Invention Title:

COMPUTE OPTIMIZATION MECHANISM FOR DEEP NEURAL NETWORKS

Publication number:

US20250166115

Publication date:

2025-05-22

Section:

Physics

Class:

G06T1/20

Inventors:

Altug Koker El Dorado Hills, CA, United States

Adam T. Lake Portland, OR, United States

Subramaniam MAIYURAN Gold River, CA, United States

Nadathur Rajagopalan Satish Santa Clara, CA, United States

Karthik Vaidyanathan Berkeley, CA, United States

Feng Chen Shanghai, China

Balaji Vembu Folsom, CA, United States

Sara S. Baghsorkhi San Jose, CA, United States

Travis T. Schluessler Hillsboro, OR, United States

Ben J. Ashbaugh Folsom, CA, United States

JOYDEEP RAY Folsom, CA, United States

Justin E. Gottschlich Santa Clara, CA, United States

Linda L. Hurd Cool, CA, United States

Wenyin Fu Folsom, CA, United States

Nicolas C. Galoppo Von Borries Portland, OR, United States

PRASOONKUMAR SURTI Folsom, CA, United States

Jeffery S. Boles Folsom, CA, United States

Josh B. Mastronarde Sacramento, CA, United States

Rajkishore Barik Santa Clara, CA, United States

John H. Feit Folsom, CA, United States

Abhishek R. Appu El Dorado Hills, CA, United States

Devan Burke Portland, OR, United States

Narayan Srinivasa Portland, OR, United States

Tsung-Han Lin Campbell, CA, United States

ERIKO NURVITADHI Hillsboro, OR, United States

Kamal Sinha Rancho Cordova, CA, United States

Farshad Akhbari Chandler, AZ, United States

Dukhwan Kim San Jose, CA, United States

Assignee:

INTEL CORPORATION Santa Clara, CA, United States

Applicant:

Intel Corporation Santa Clara, CA, United States

Smart overview of the Invention

Overview: The described technology focuses on optimizing compute operations within deep neural networks by utilizing advanced graphics processing units (GPUs). These GPUs consist of multiple multiprocessors, each equipped with a register file to store various operand types and a set of processing cores. These cores are divided into two types, each associated with distinct memory channels, enabling efficient data processing.

Background: Traditional graphics processors were designed with fixed function units for specific graphics operations like tessellation and texture mapping. However, modern GPUs have evolved to become programmable, allowing them to support a broader range of operations. This shift has led to the adoption of Single Instruction, Multiple Thread (SIMT) architectures, which enhance parallel processing by synchronously executing program instructions across multiple threads.

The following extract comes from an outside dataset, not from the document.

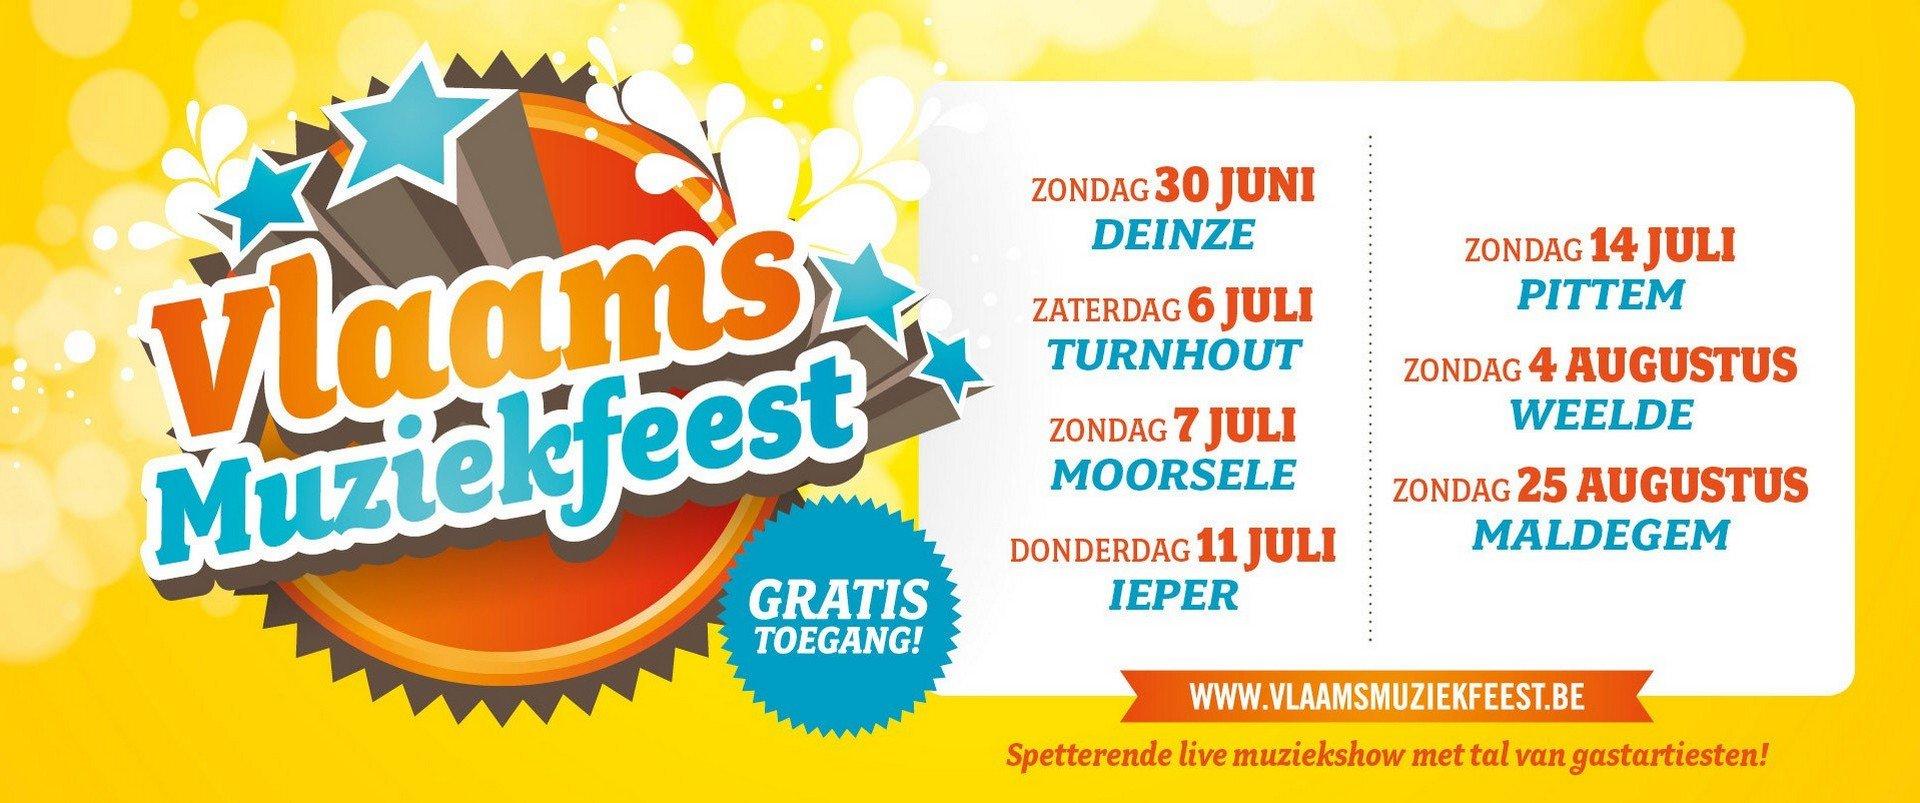 7de Vlaams Muziekfeest strikt o.a. De Romeo's, Lindsay, Swoop en Jo Vally - Logo Vl. muziekfeest 2019

Detailed Mechanisms: The GPU is connected to host processor cores to accelerate various operations, including machine learning and pattern analysis. This connection can be established through high-speed interconnects like PCIe or NVLink. The processor cores allocate tasks to the GPU via work descriptors, which the GPU processes using dedicated circuitry. The compute mechanism features multiple execution units (EUs) of different types within each processing unit, facilitating matrix-vector transformations using shared local memory or register files.

System Configuration: A typical computing system includes a processing subsystem with processors and system memory interconnected by a memory hub. This hub communicates with an I/O subsystem that manages input devices and display outputs. Parallel processors are connected via communication links like PCI Express, forming a computationally focused system capable of handling graphics and general-purpose tasks.

Integration and Flexibility: The system's components can be integrated into various configurations, such as system-on-chip (SoC) or multi-chip modules (MCM), enhancing modularity and scalability. The architecture allows for different connection topologies and component arrangements, providing flexibility in design and implementation. Optional components can be included or omitted based on specific requirements, making the system adaptable to diverse computing environments.